Evidence-Based Practices for Medicaid Beneficiaries with Schizophrenia and Bipolar Disorder. Data and Study Population


We used Medicaid Analytic Extract (MAX) files from calendar year 2007. The MAX files contain all inpatient (IP), outpatient, and pharmacy claims for Medicaid beneficiaries from each state and the District of Columbia. We investigated the service use of adult beneficiaries (ages 18-64) diagnosed with schizophrenia or bipolar disorder who were eligible for full Medicaid benefits on the basis of disability for at least 10 months in 2007, and who were not enrolled in any other sources of coverage--including Medicare. The analysis only included states that submitted complete fee-for-service (FFS) or managed care encounter claims in 2007. Twenty-two states had data sufficiently complete and reliable to include: Alabama, Alaska, California, Connecticut, the District of Columbia, Georgia, Idaho, Illinois, Indiana, Iowa, Louisiana, Maryland, Mississippi, Missouri, Nevada, New Hampshire, North Carolina, North Dakota, Oklahoma, South Dakota, West Virginia, and Wyoming.

The most significant data issue limiting the number of states in the analysis was missing or poor quality encounter data in states that used managed care to deliver services to disabled beneficiaries. Nearly two-thirds of the 29 states excluded from the study were dropped due to missing or unreliable encounter data. As of the time the 2007 MAX files were created, encounter claims were not subject the same validation process for completeness or reliability as FFS claims routinely undergo and the Centers for Medicare and Medicaid Services (CMS) did not recommend using these data for analysis. Nevertheless, a number of states reported encounter data that appeared to be complete and reliable in 2007, including at least one state (Iowa) that relied on managed care to deliver specialty mental health services. In six of the 22 states in the study, beneficiaries enrolled in some form of managed care were included in the analysis.

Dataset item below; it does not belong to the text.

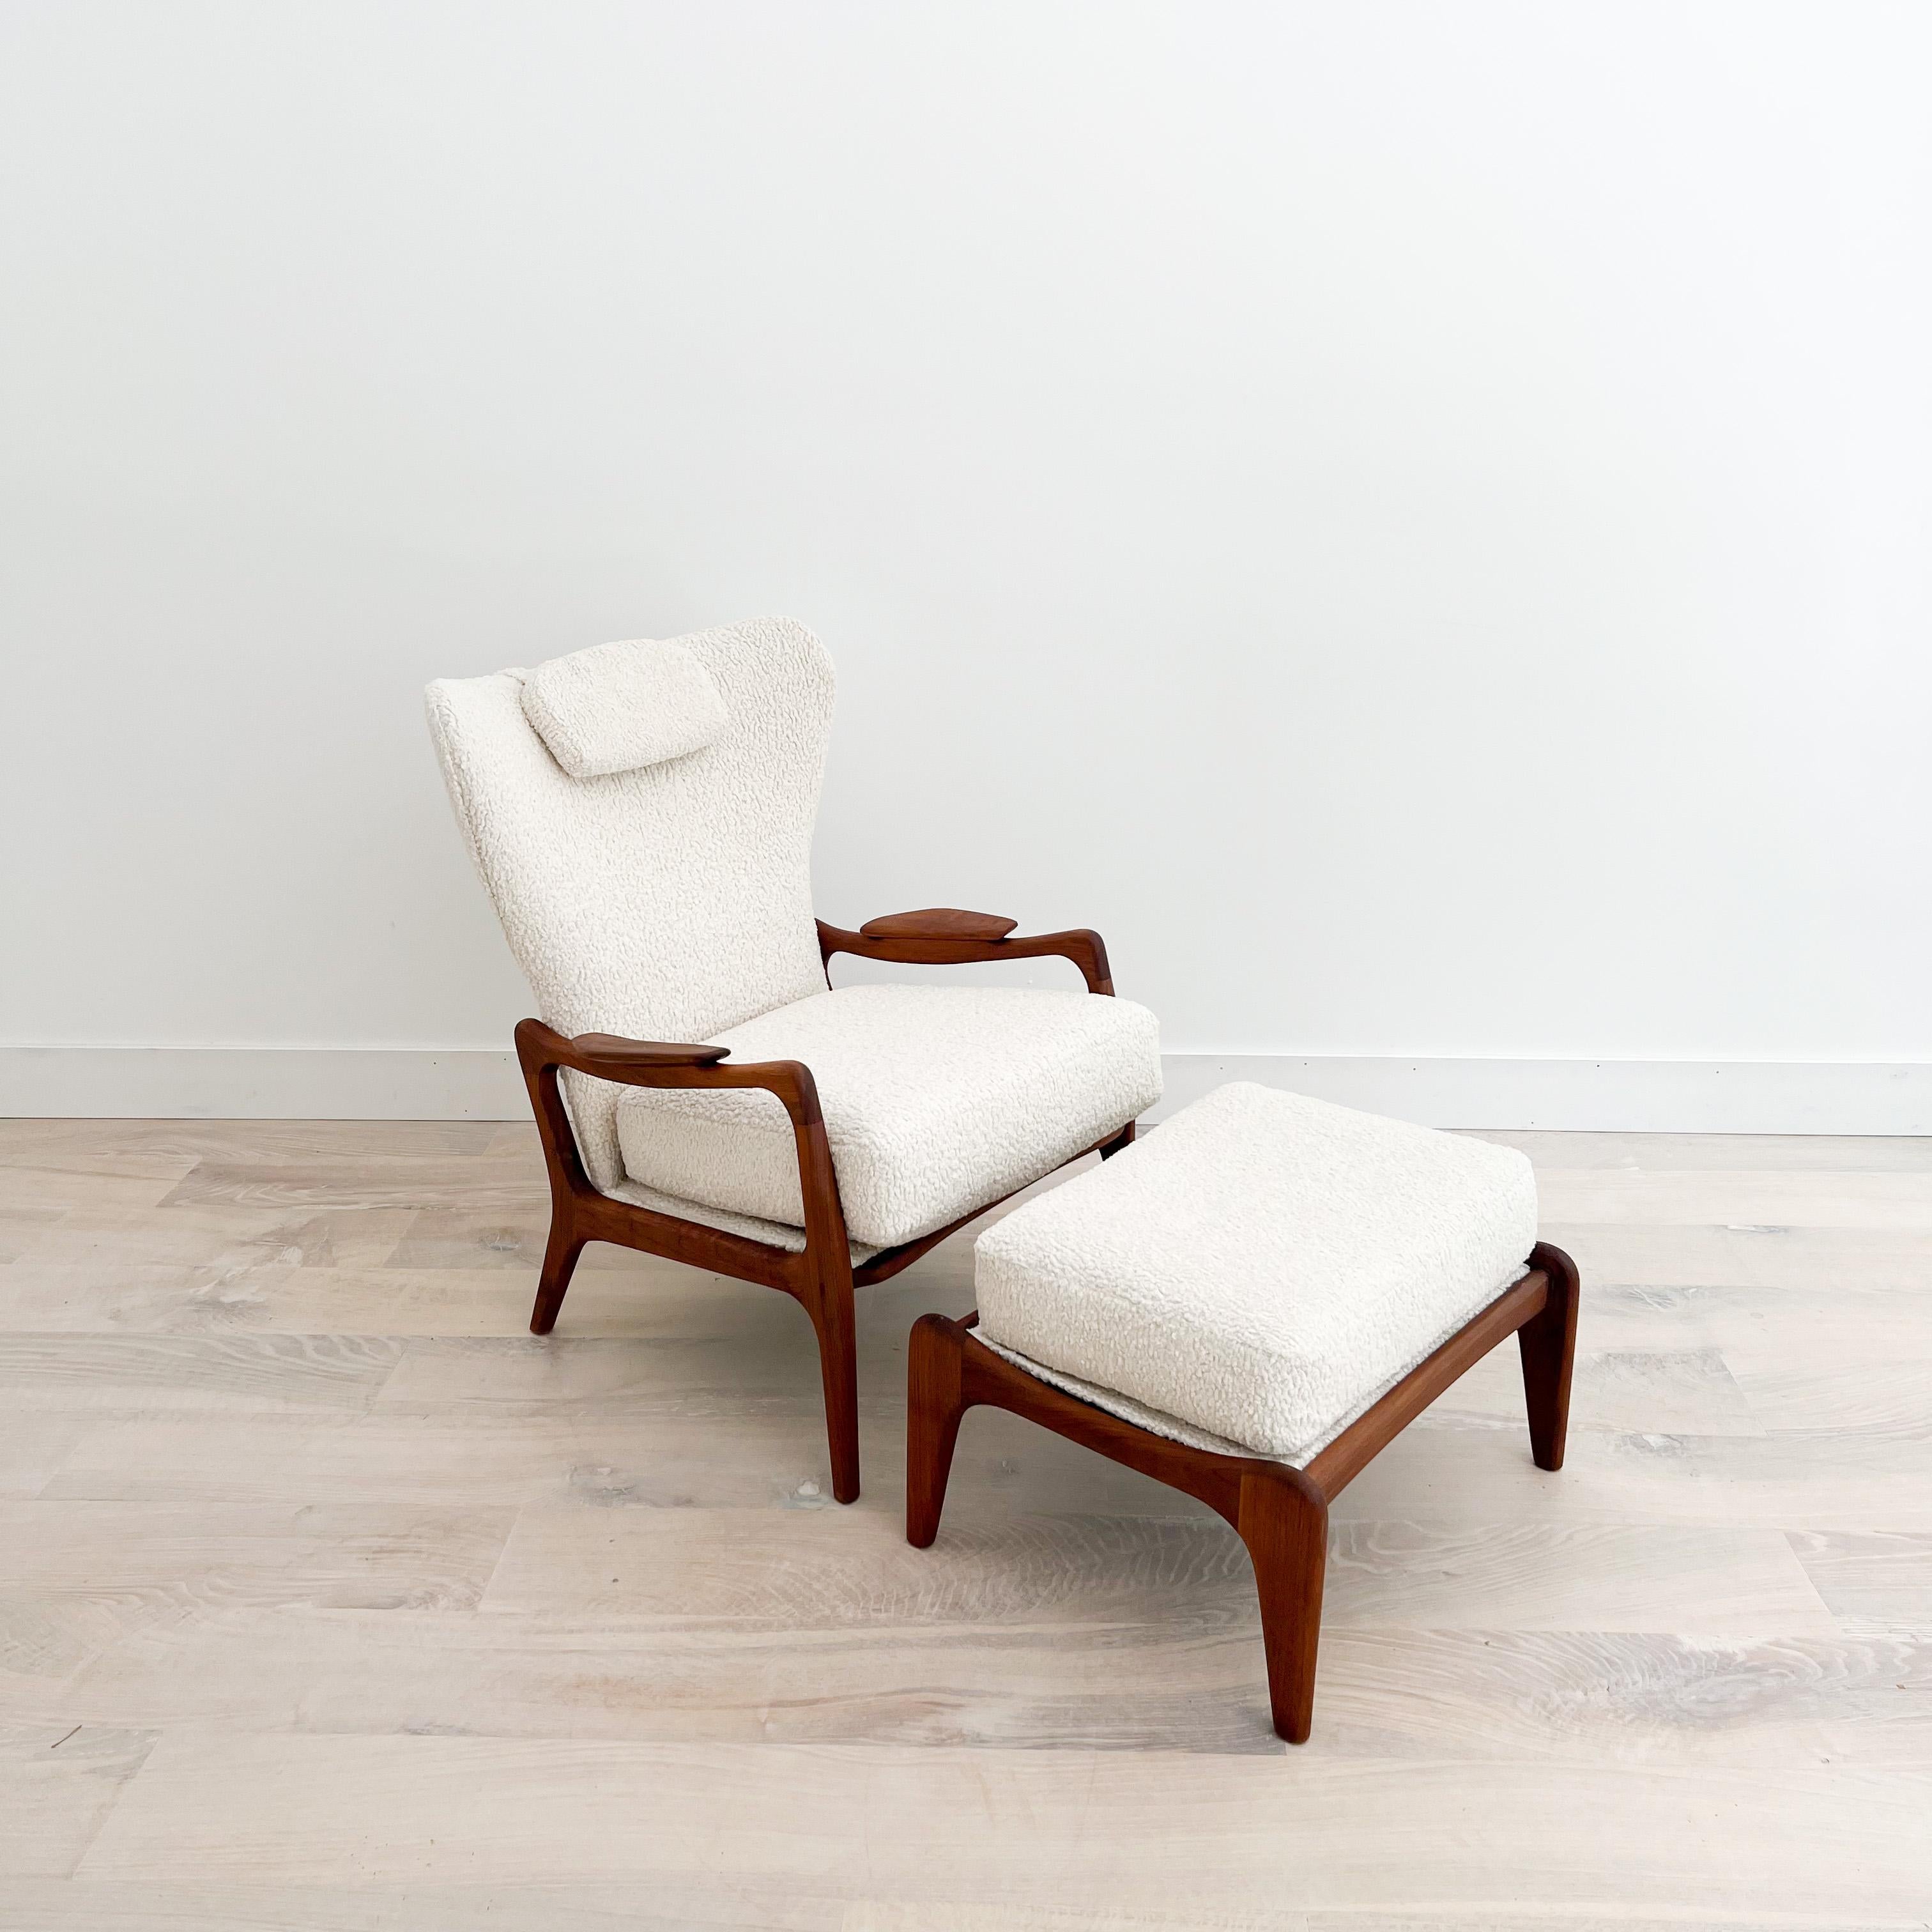 Mid century modern sculpted walnut wingback lounge chair and ottoman designed by Adrian Pearsall. All new professional nylon webbing and white shearling upholstery that is super soft to the touch. The headrest pillow can be pulled back if not

In comparison, relatively few states were excluded from the analysis due to problems in the completeness or reliability of FFS claims data. When states were excluded for problems with their FFS data, it was often the case that entire data files were missing or that mental health services specifically were missing due to special delivery and billing arrangements between Medicaid and other state agencies.1 Additionally, a number of states were excluded from the study due to unreliable identification of beneficiaries enrolled in managed care or private insurance on the enrollment file.2

The final analytic file included 143,710 beneficiaries. Based on the most frequent primary diagnosis during the year, 102,884 beneficiaries had a primary diagnosis of schizophrenia and 40,609 had a primary diagnosis of bipolar disorder.3 More information about the data and methodology used for the study, including specifications of our measures of EBPs, is included in the technical appendix at the end of this report. Given the limitations of using one calendar year of claims data, we did not seek to measure EBPs in terms of adherence to a strict clinical guideline or the degree to which a certain EBP was implemented with fidelity. Rather, we sought to measure whether beneficiaries received a minimal standard of care that is consistent with the evidence and measureable in claims data.